Mother attended treatment for a few weeks. The baby was in her custody, and they lived with various relatives and friends. In December 2009, Mother told her probation officer that she was using PCP and was no longer in treatment.3 The Children’s Division worker informed Mother that if she did not report to and participate in treatment, the Children’s Division would seek protective custody of the *861baby. On January 12, 2010, Mother reported to ReDiscover, a substance abuse treatment center, and completed a drug test. The next day, she tested positive for cocaine, marijuana, and POP. She was told that she needed inpatient treatment, but she refused. She was again told that if she did not do inpatient treatment, the Children’s Division would seek custody of the baby. While holding the child, Mother became belligerent and erratic and cursed and threatened the staff. The Children’s Division worker called the police, and the child was taken into temporary protective custody.
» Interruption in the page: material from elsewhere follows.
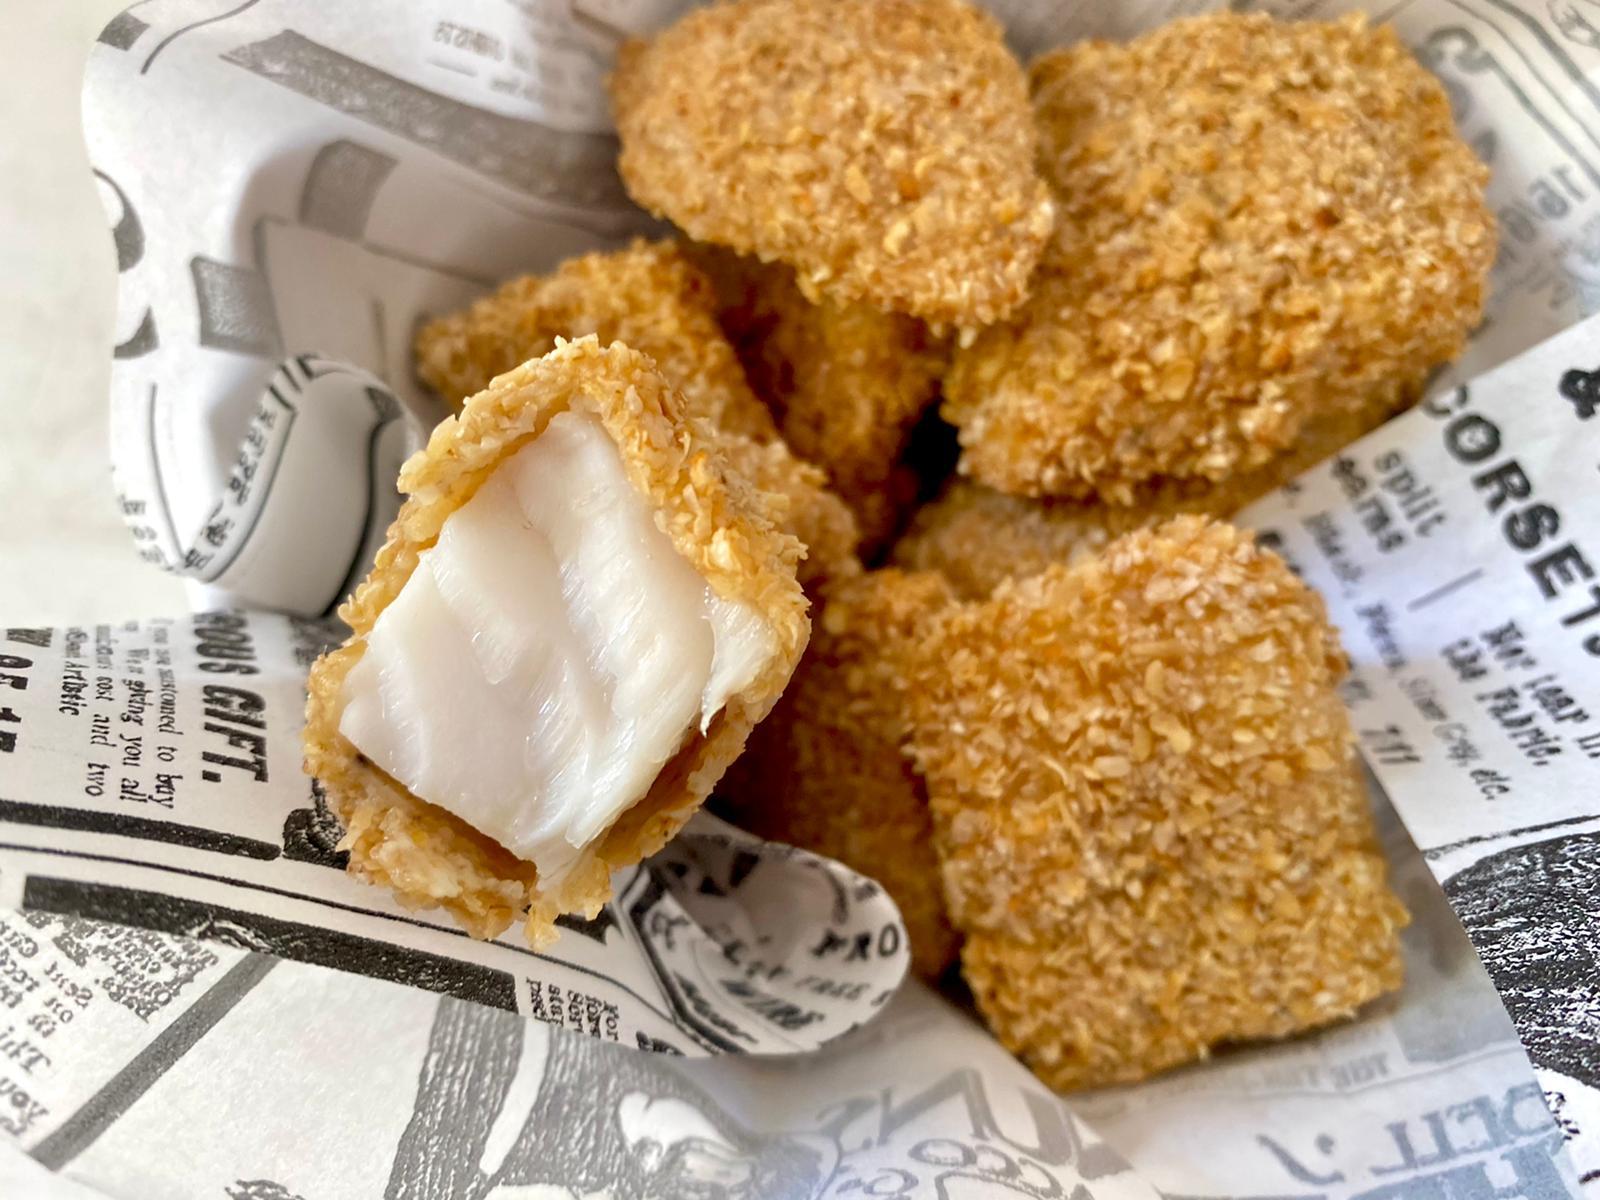 Nuggets de merluza rebozados con salvado de avena

The Juvenile Officer filed a petition on January 14, 2010, alleging that A.R. was without proper care, custody, and support and subject to the juvenile court’s jurisdiction under section 211.031.1(1) because Mother’s mental health and use of illegal substances impaired her ability to parent. The petition alleged that Father was the putative father and that he was homeless. Father attended the protective custody hearing held January 15, 2010. At the hearing, the juvenile court placed A.R. in the temporary legal custody of the Children’s Division for placement with his maternal grandmother, ordered supervised visitation with Father, ordered paternity testing, and appointed counsel for Father.
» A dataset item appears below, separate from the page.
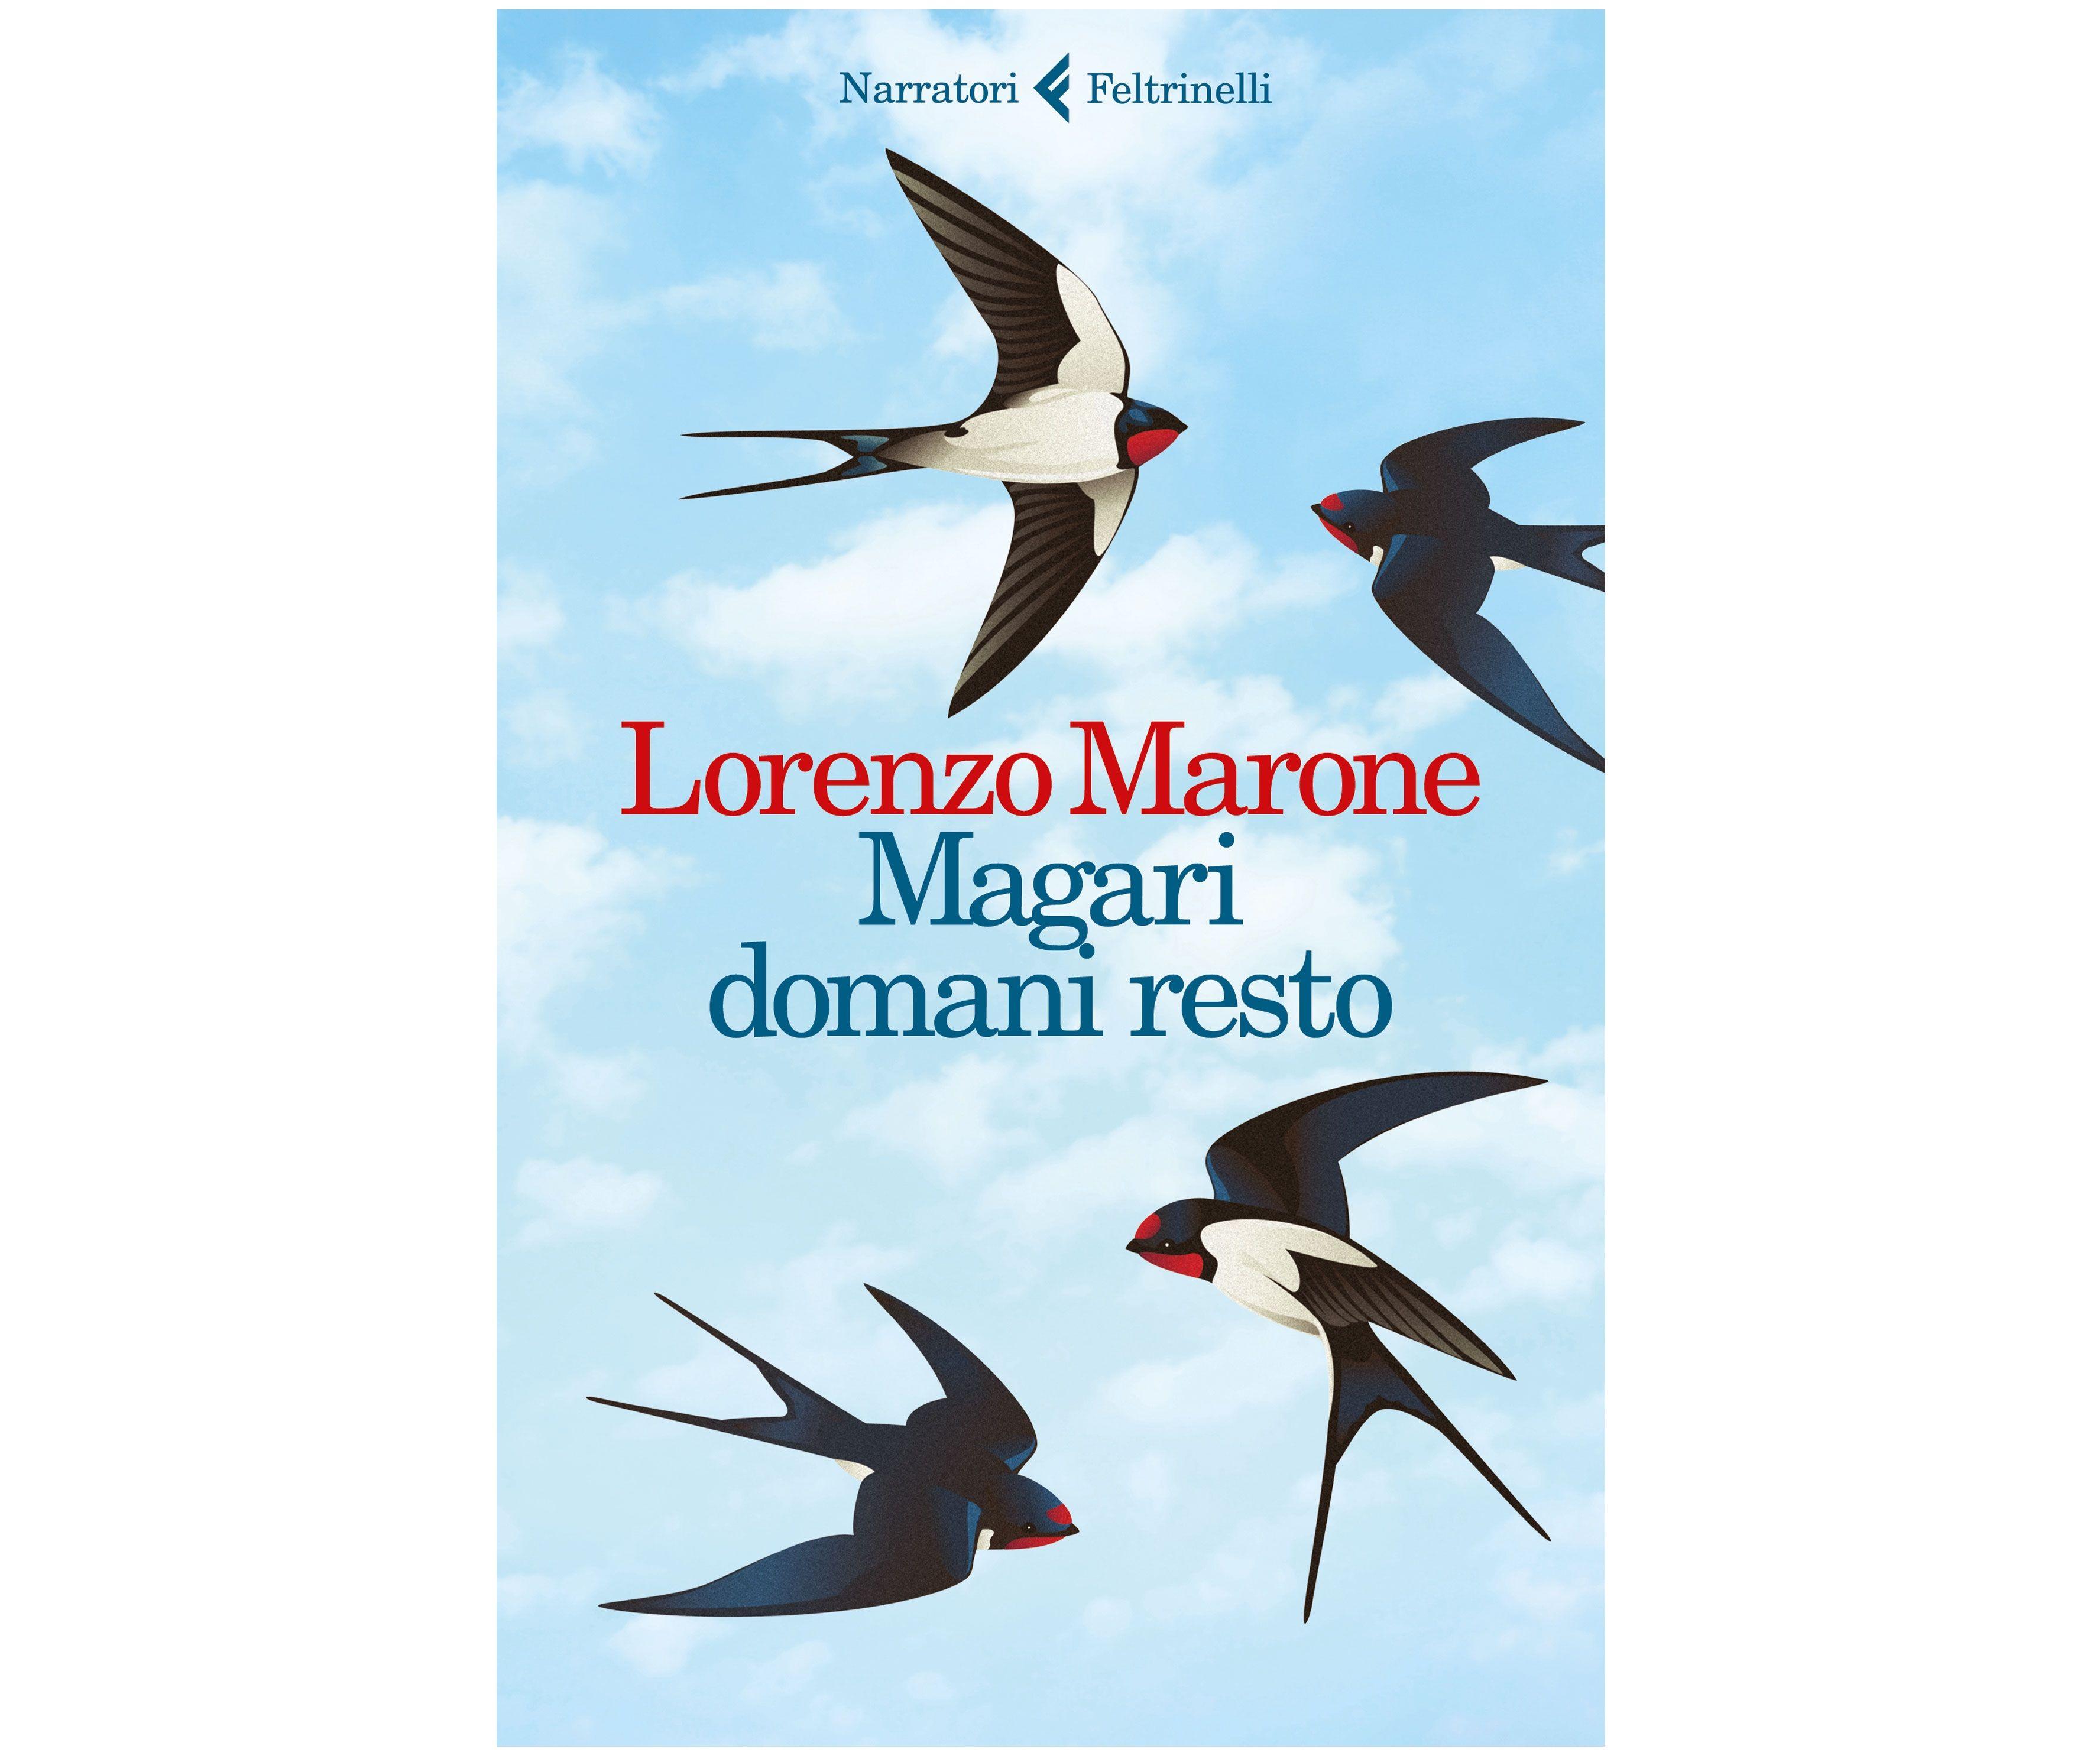 Magari domani resto, il libro di Lorenzo Marone: 'Racconto la mia Napoli popolare'

On January 21, 2010, the Juvenile Officer filed a first amended petition. It added a second count alleging that A.R. was without proper care, custody, and support and subject to the family court’s jurisdiction under section 211.031.1(1) because Father used illegal substances and his ability to parent, his residence, and his ability to care for the child were unknown. Father’s appointed attorney appeared for Father at the case management hearing on February 3, 2010. At the hearing, the juvenile court set an adjudication hearing for March 9, 2010. It also ordered that A.R. remain in the custody of the Children’s Division for placement with his grandmother. Finally, the juvenile court ordered Father to participate in drug testing.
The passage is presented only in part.